- Opening Delimiter -

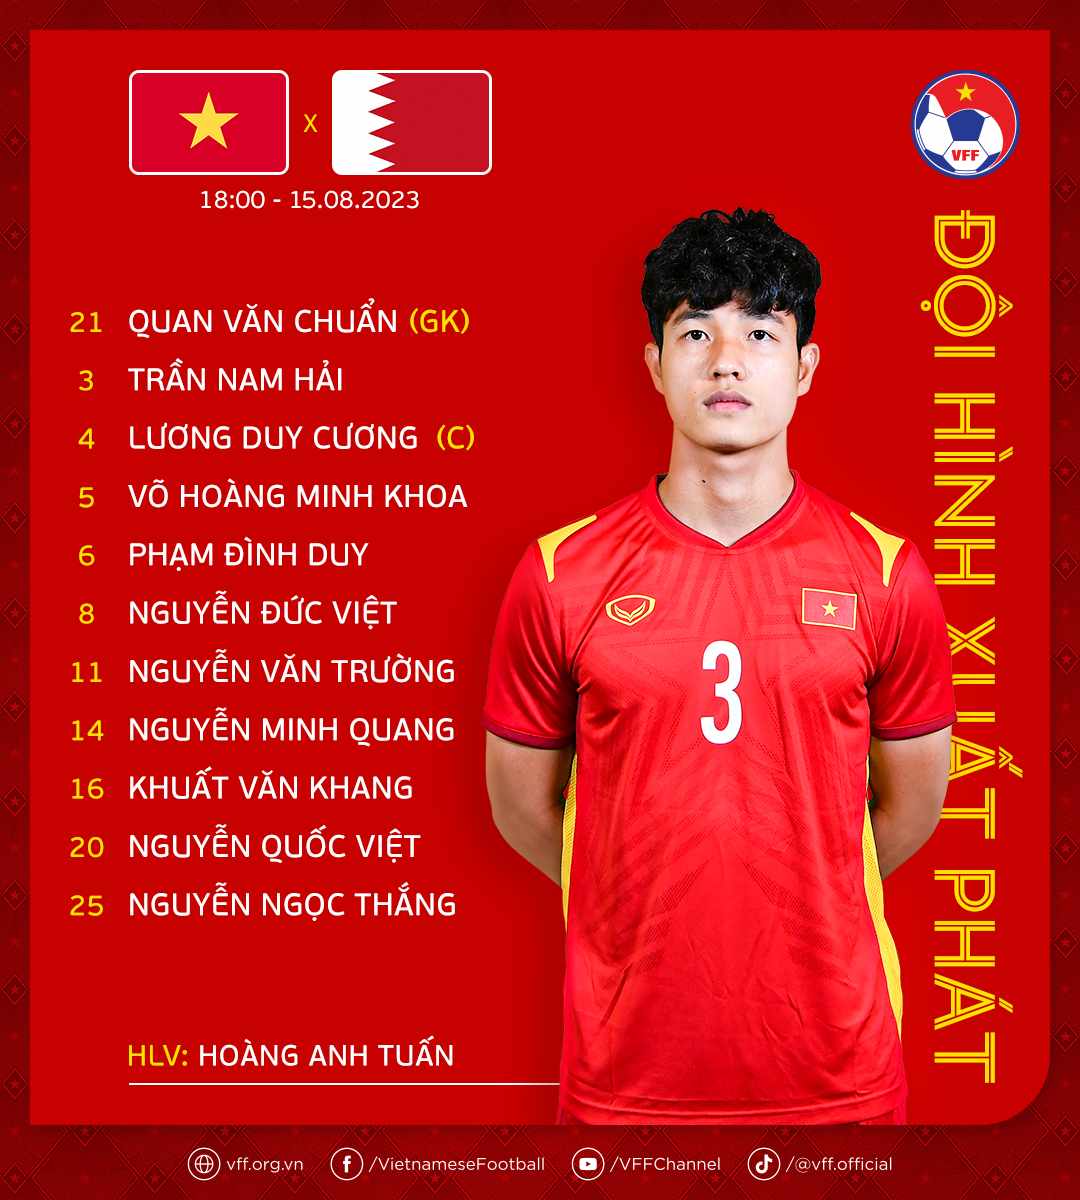 Lương Duy Cương làm đội trưởng trong trận đầu ra quân của U23 Việt Nam - Ảnh 1.
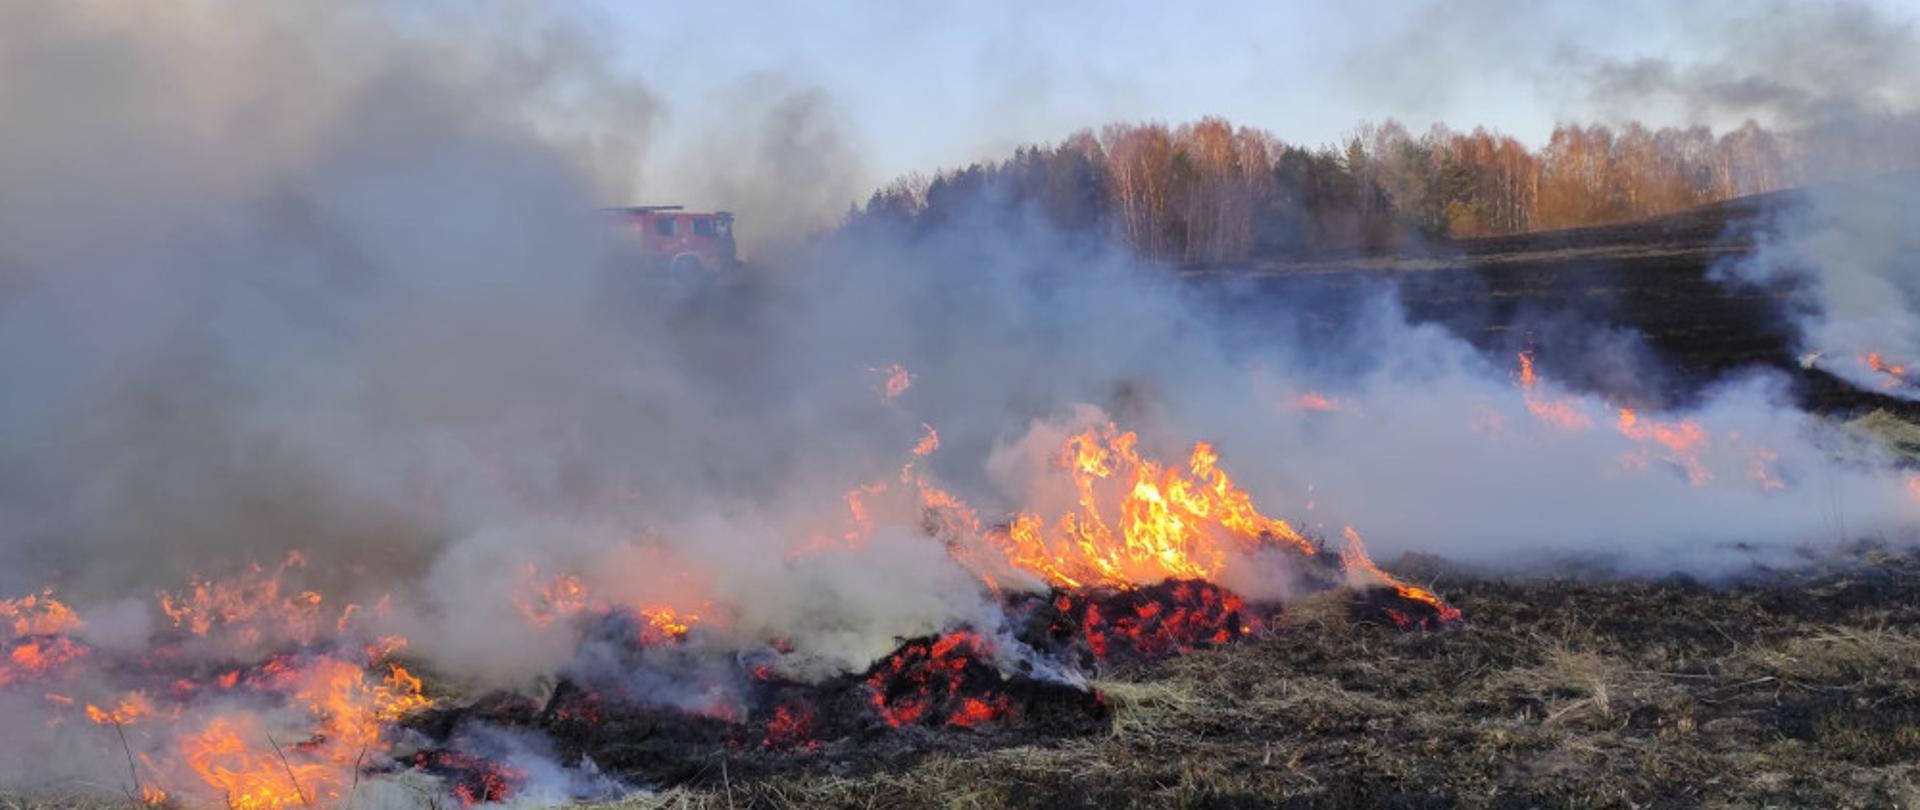 Pożar trawy w miejscowości Łubowo - akcja gaśnicza wdać płomienie i dym 
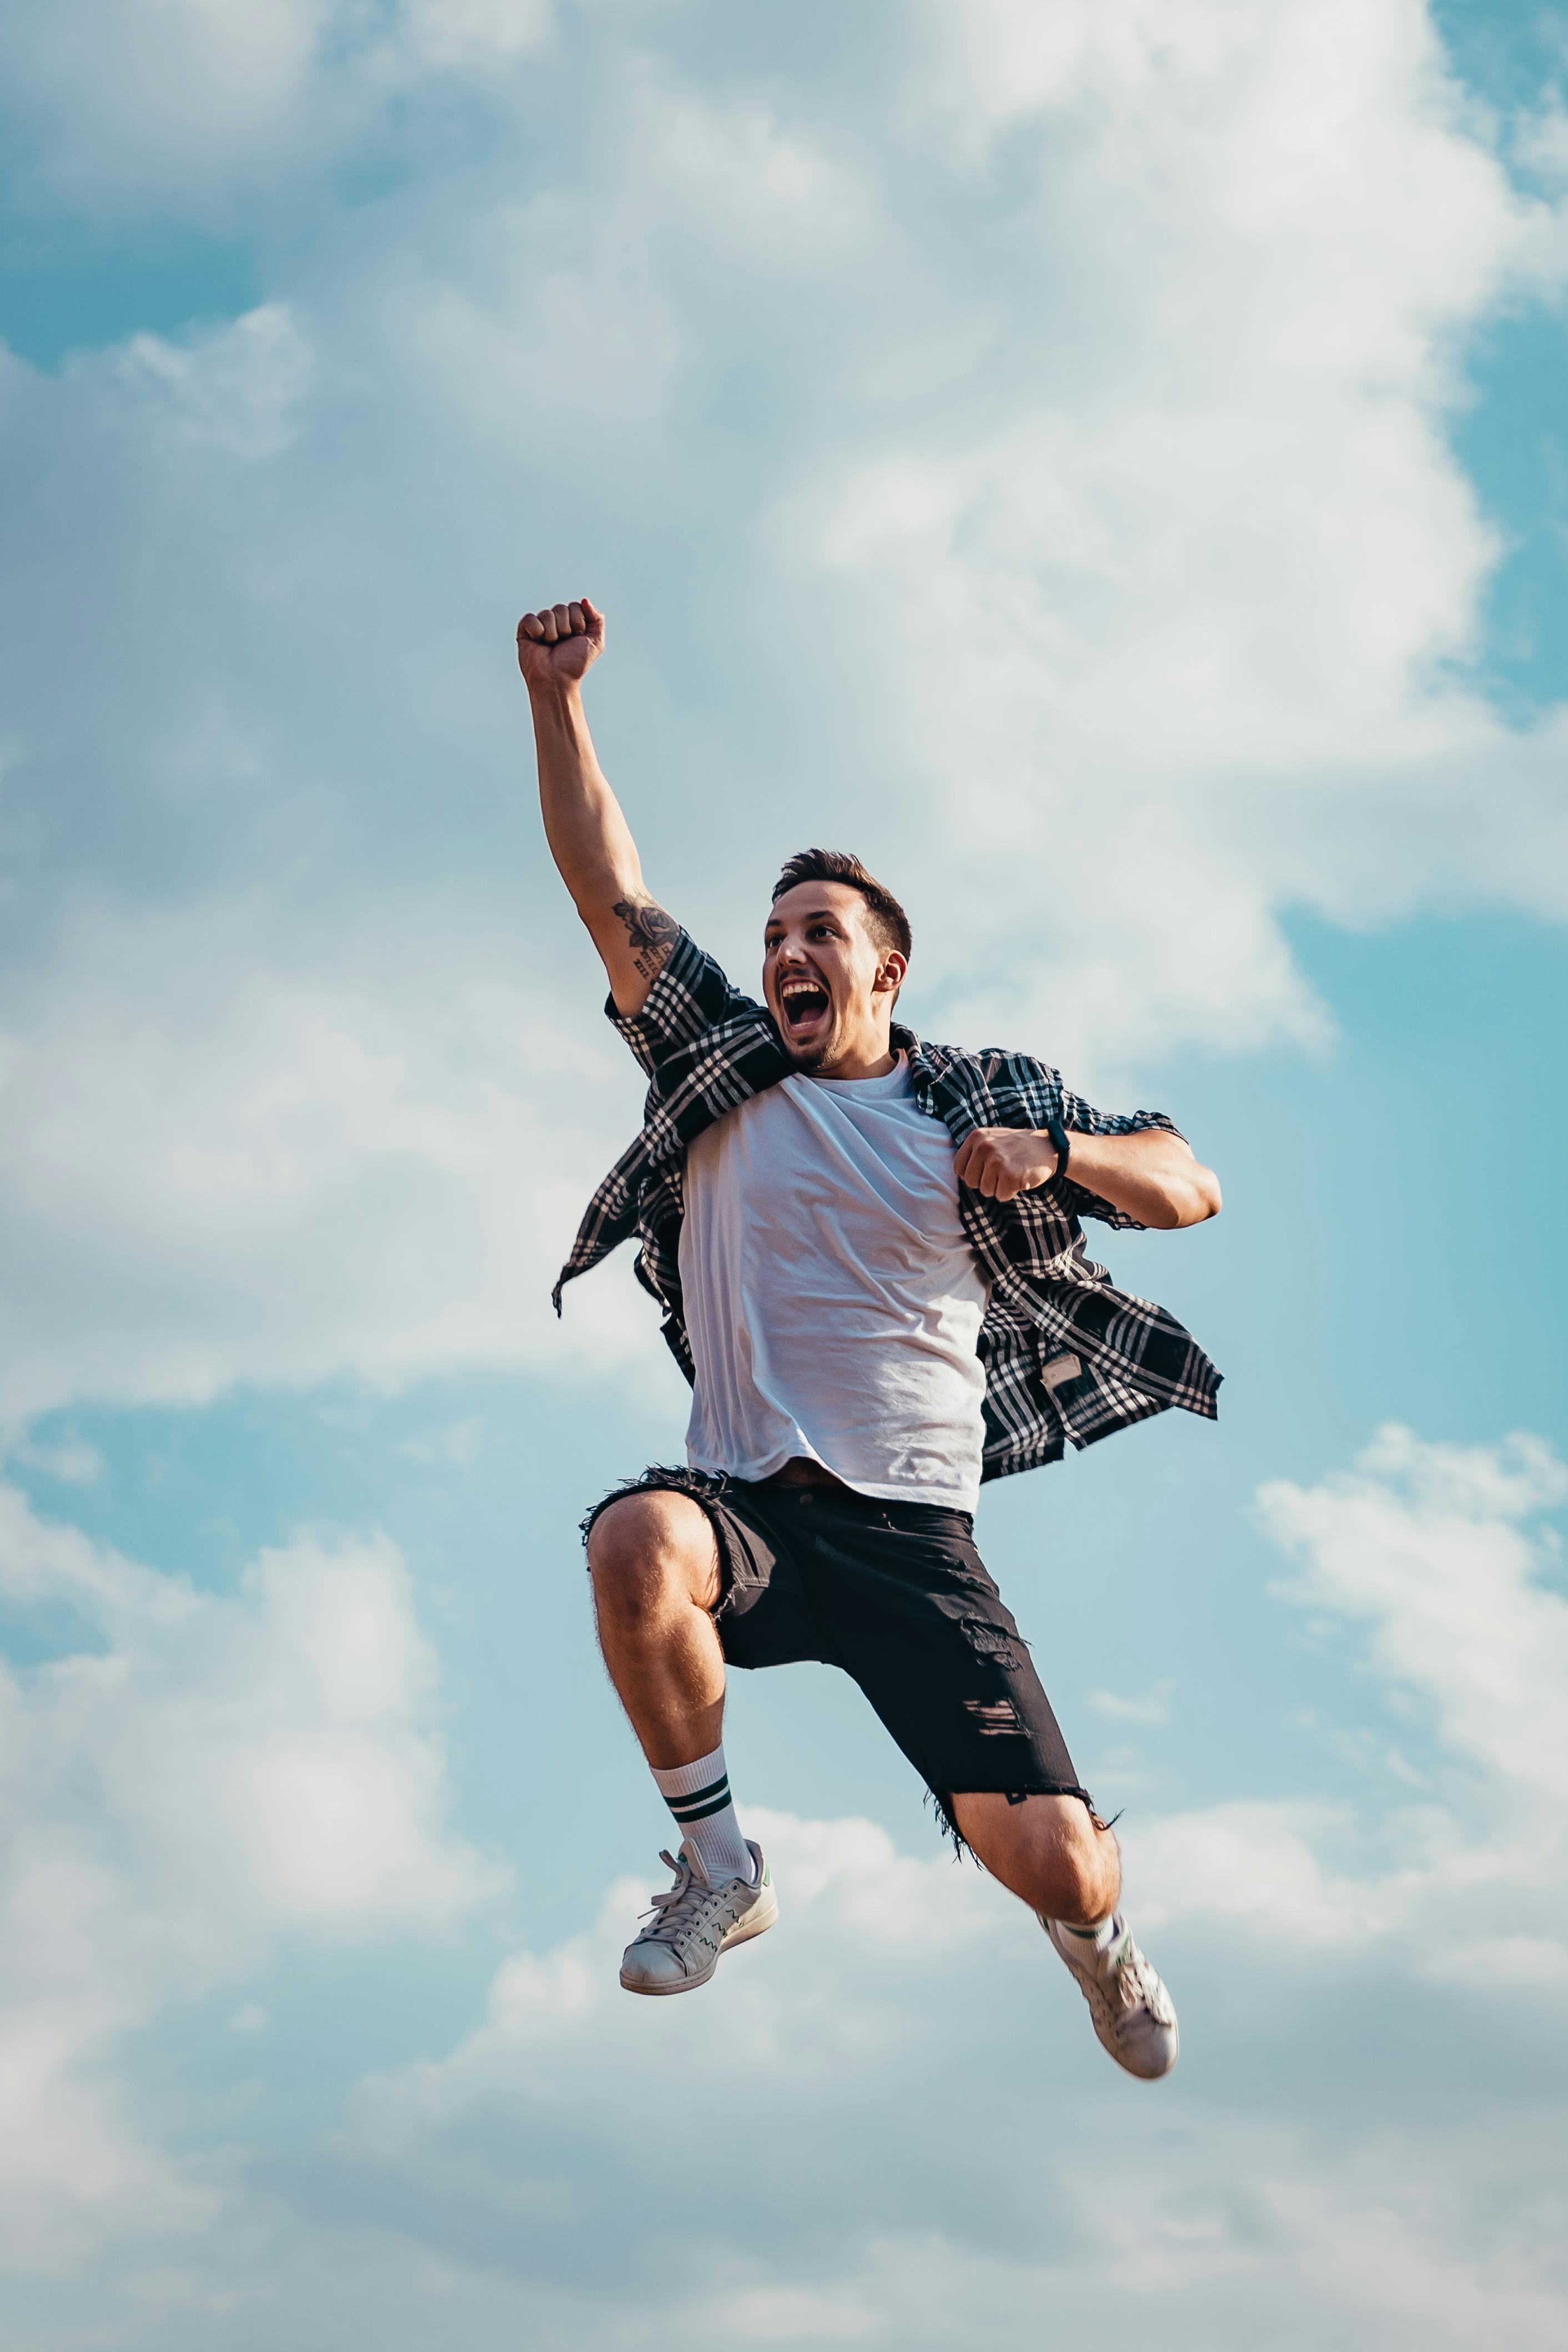 Ein glücklicher Mann beim Springen | Quelle: Pexels

- Closing Delimiter -

Reproduce the whole listing verbatim. Pictures stay out of the copy.

## ANSWER SECTION
 Lương Duy Cương làm đội trưởng trong trận đầu ra quân của U23 Việt Nam - Ảnh 1.
 Pożar trawy w miejscowości Łubowo - akcja gaśnicza wdać płomienie i dym 
 Ein glücklicher Mann beim Springen | Quelle: Pexels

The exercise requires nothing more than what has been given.